● Instructions to follow
Only the lines from the one that includes "Pair of French" through the last line below belong in the reply, copied exactly and without pictures.

● Information shown

····················

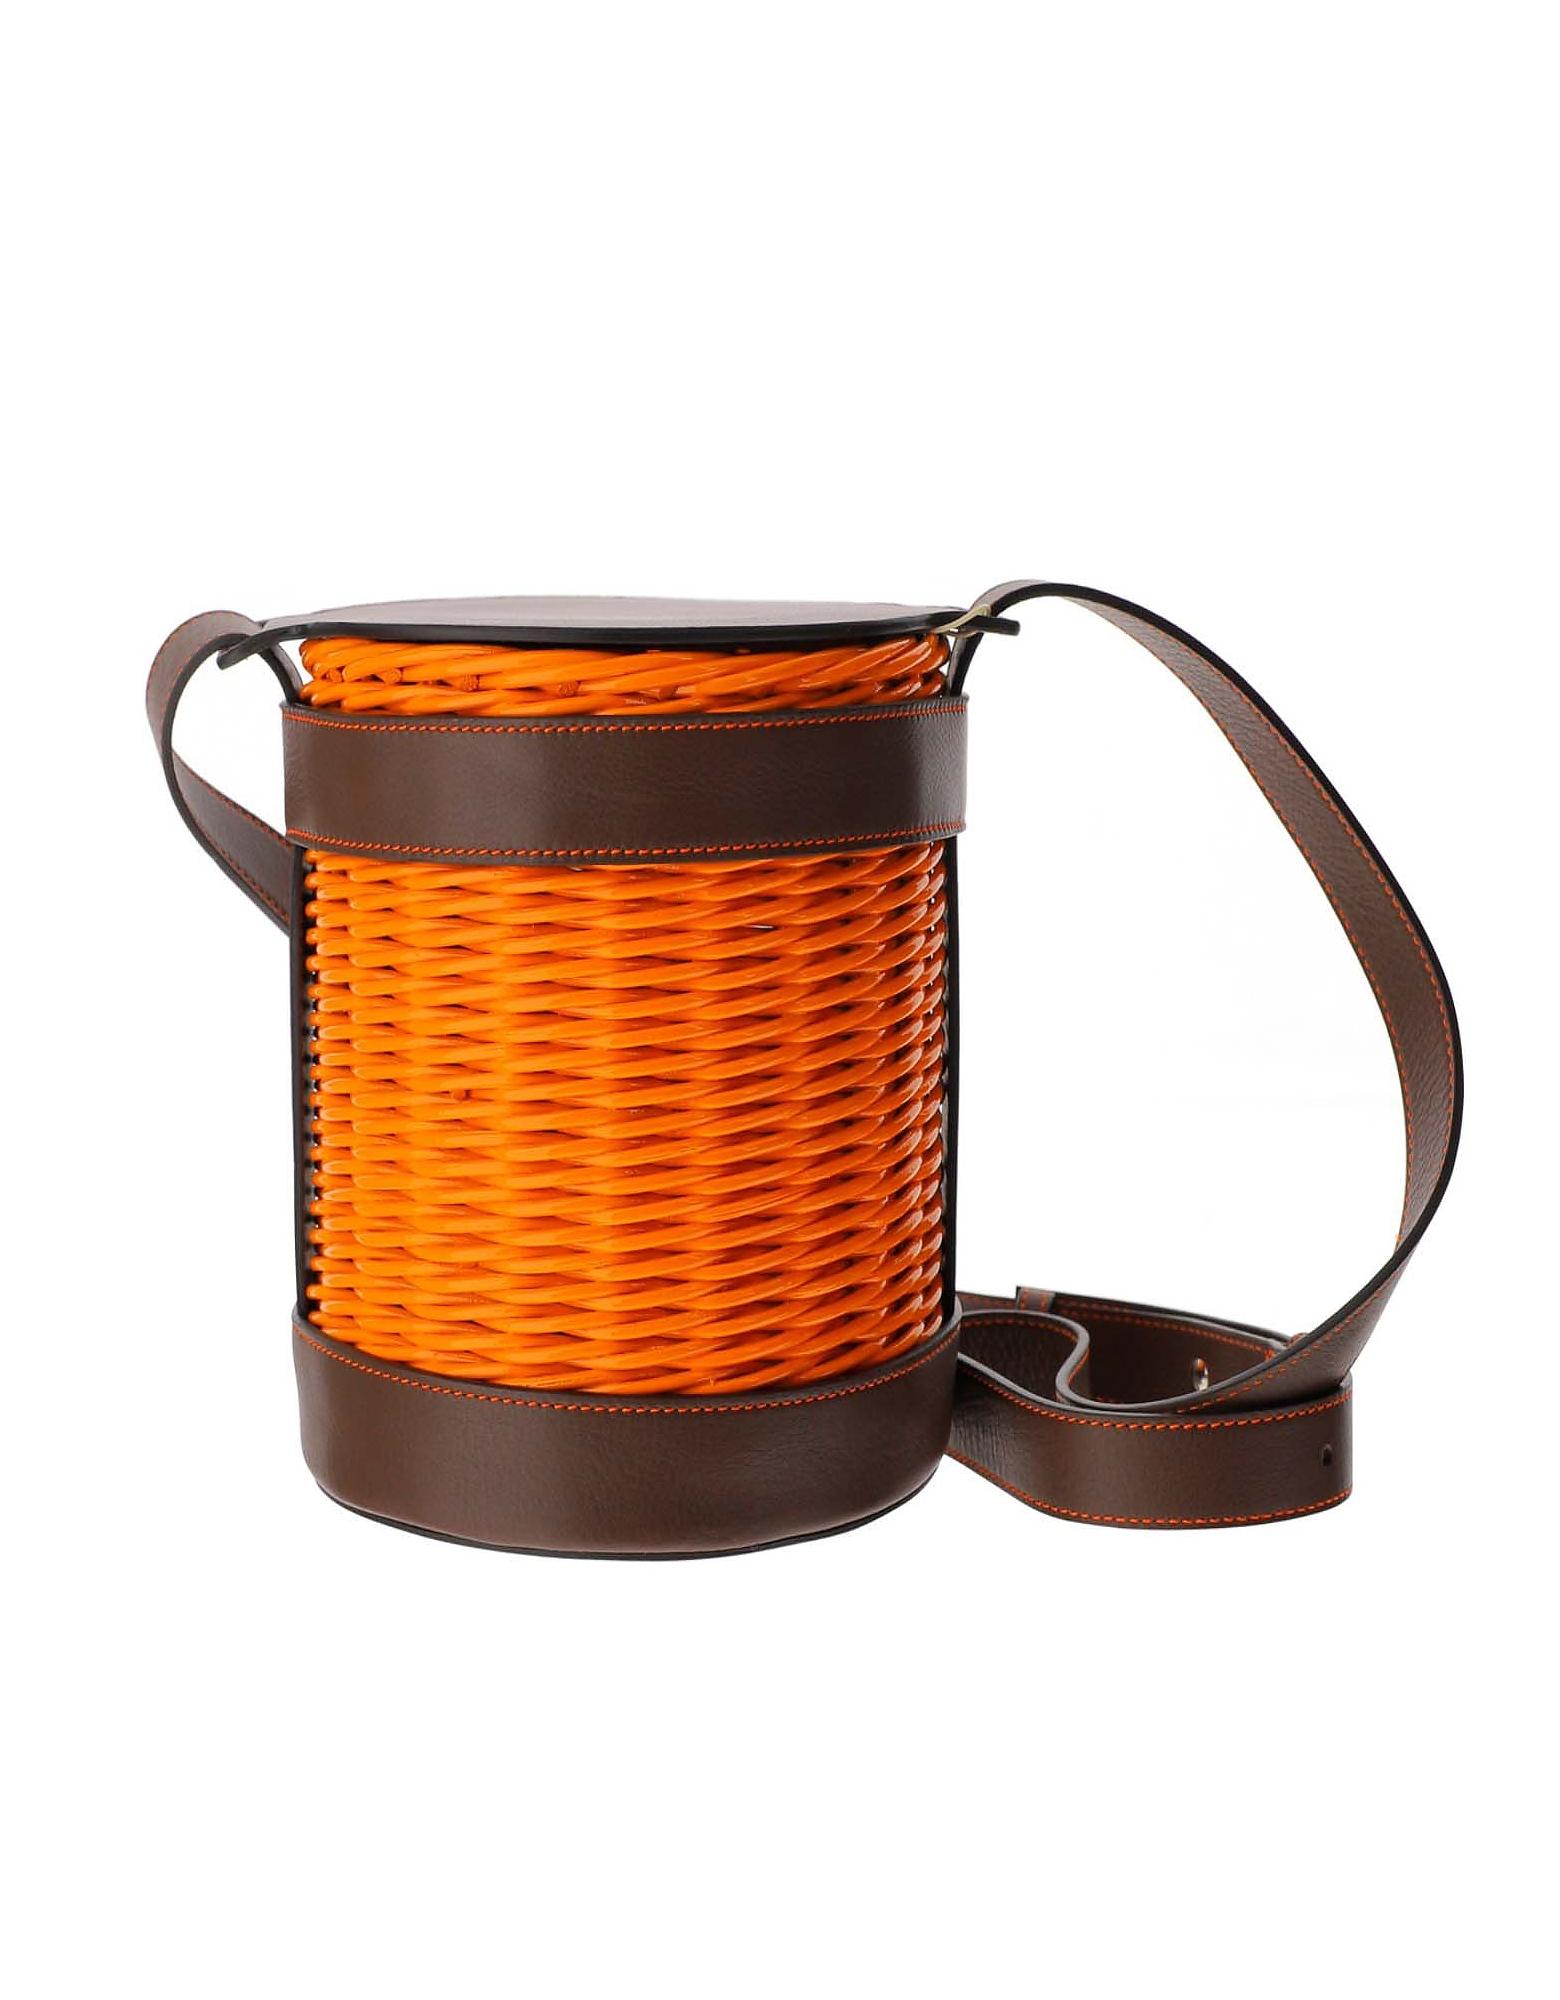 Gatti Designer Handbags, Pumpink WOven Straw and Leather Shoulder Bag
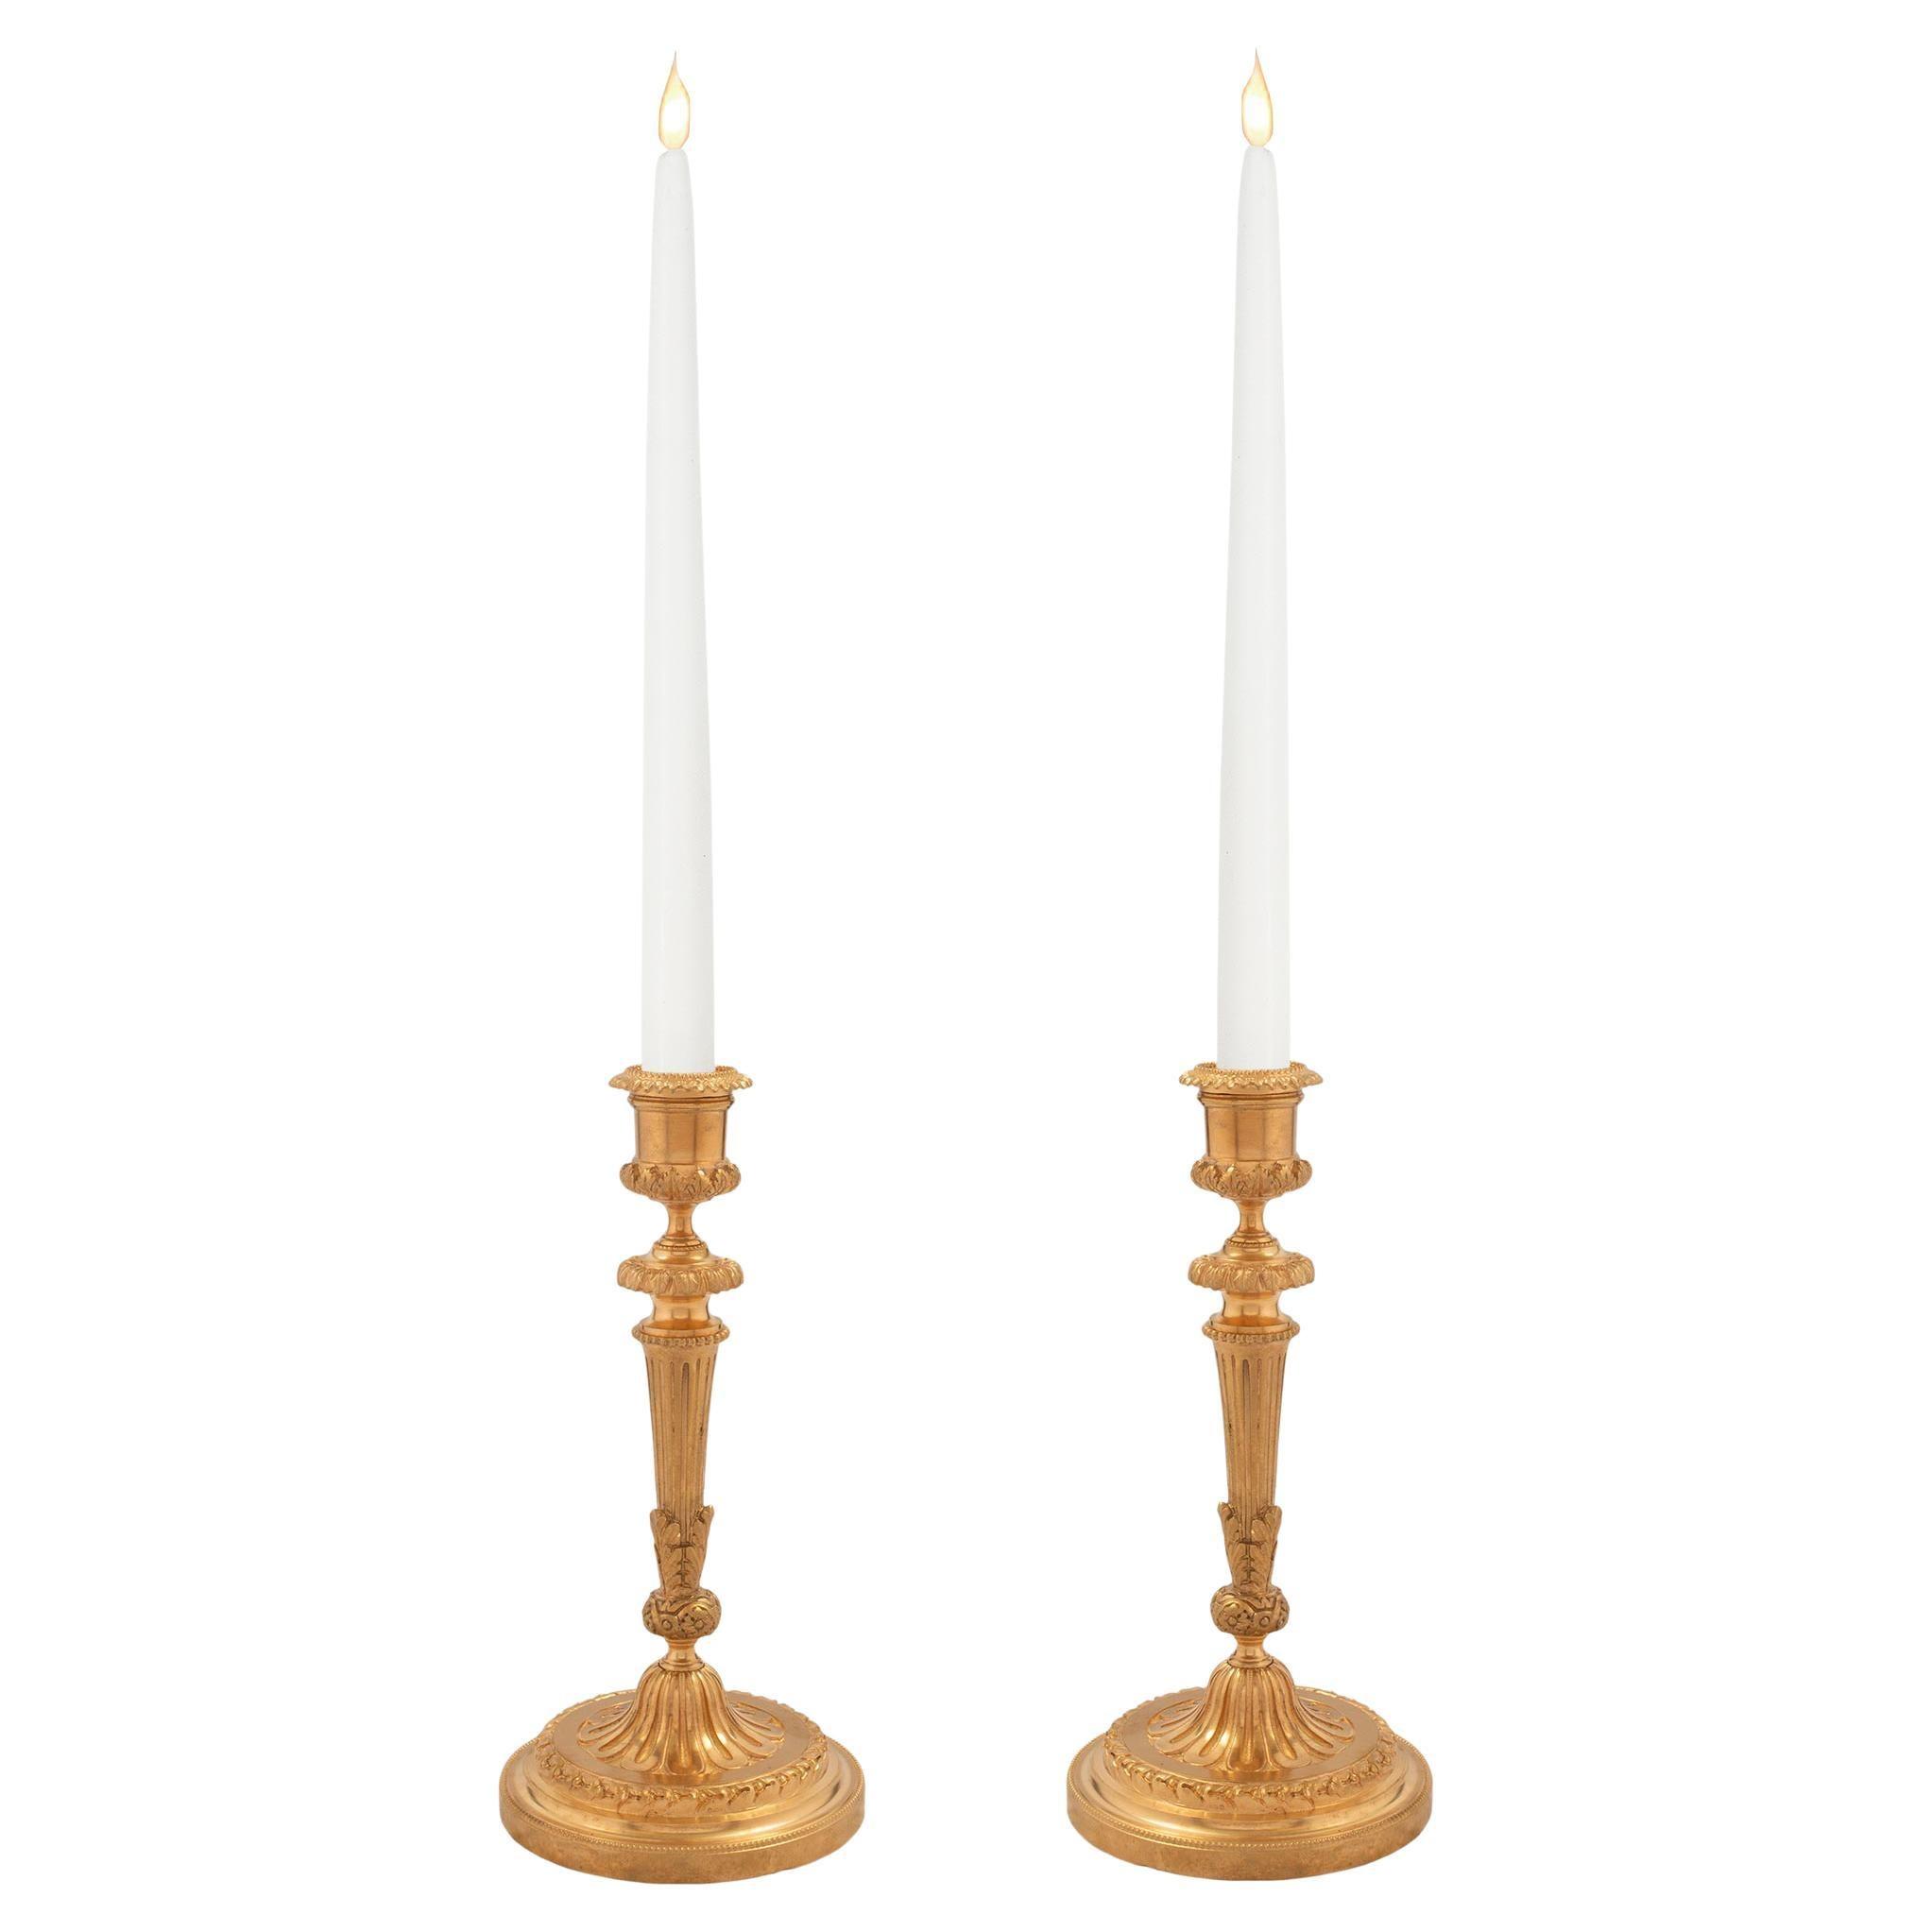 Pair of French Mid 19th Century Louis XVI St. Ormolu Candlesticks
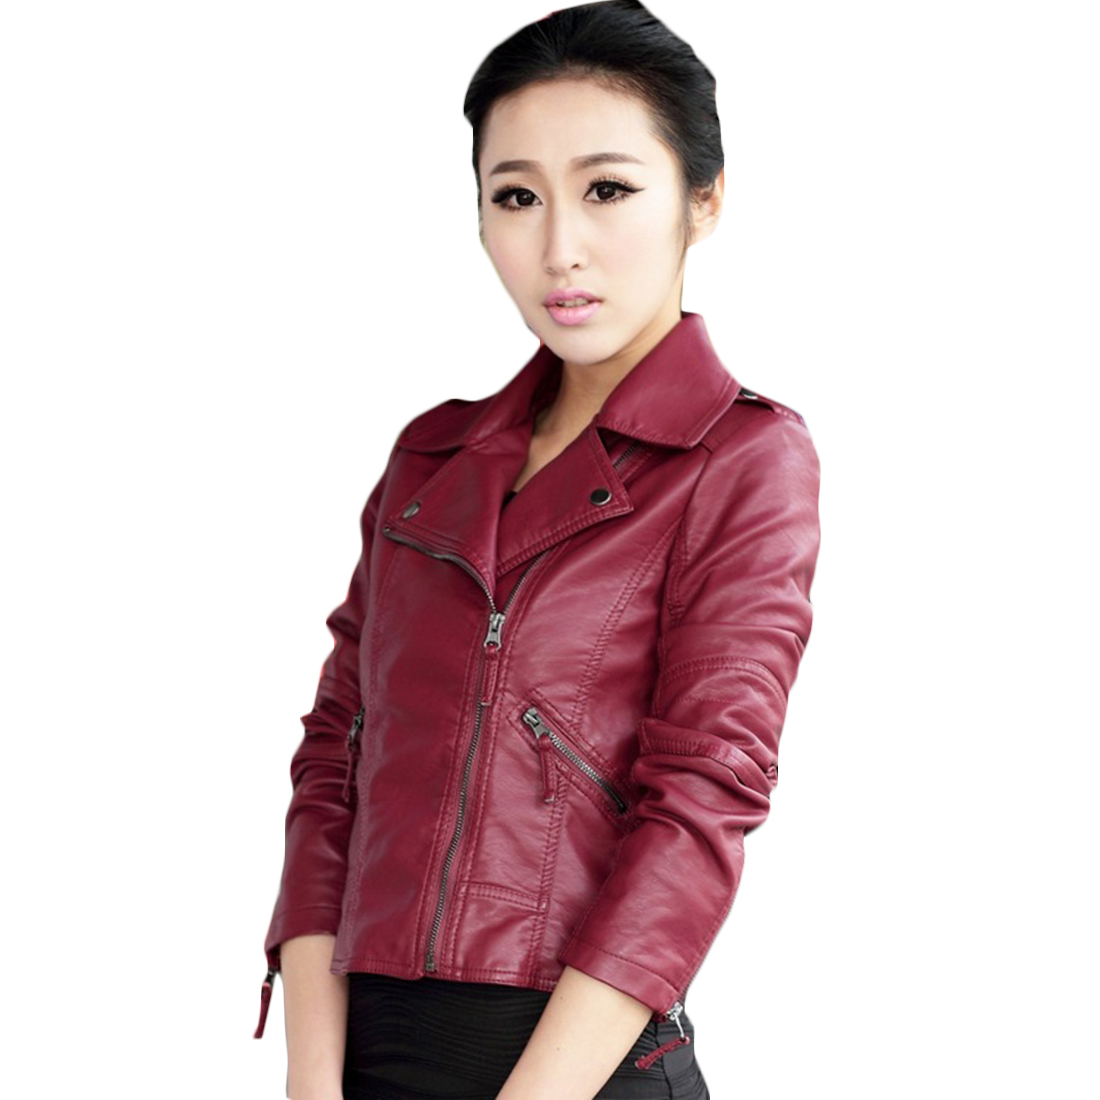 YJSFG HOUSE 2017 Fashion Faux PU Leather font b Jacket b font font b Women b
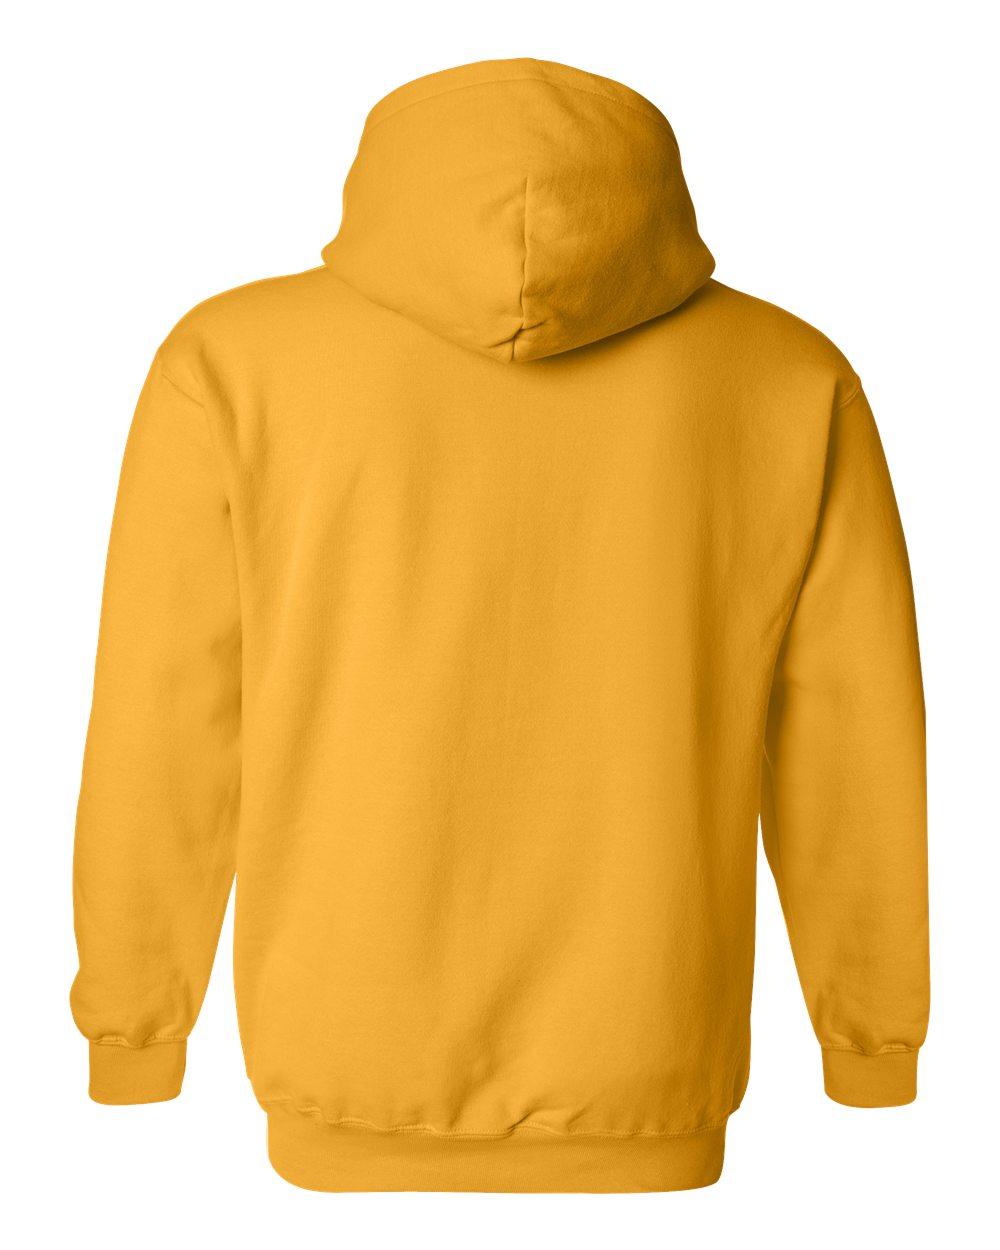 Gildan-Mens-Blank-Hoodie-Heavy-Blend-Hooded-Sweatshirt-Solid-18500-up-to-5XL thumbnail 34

····················

● Response area
 Pair of French Mid 19th Century Louis XVI St. Ormolu Candlesticks
 YJSFG HOUSE 2017 Fashion Faux PU Leather font b Jacket b font font b Women b
 Gildan-Mens-Blank-Hoodie-Heavy-Blend-Hooded-Sweatshirt-Solid-18500-up-to-5XL thumbnail 34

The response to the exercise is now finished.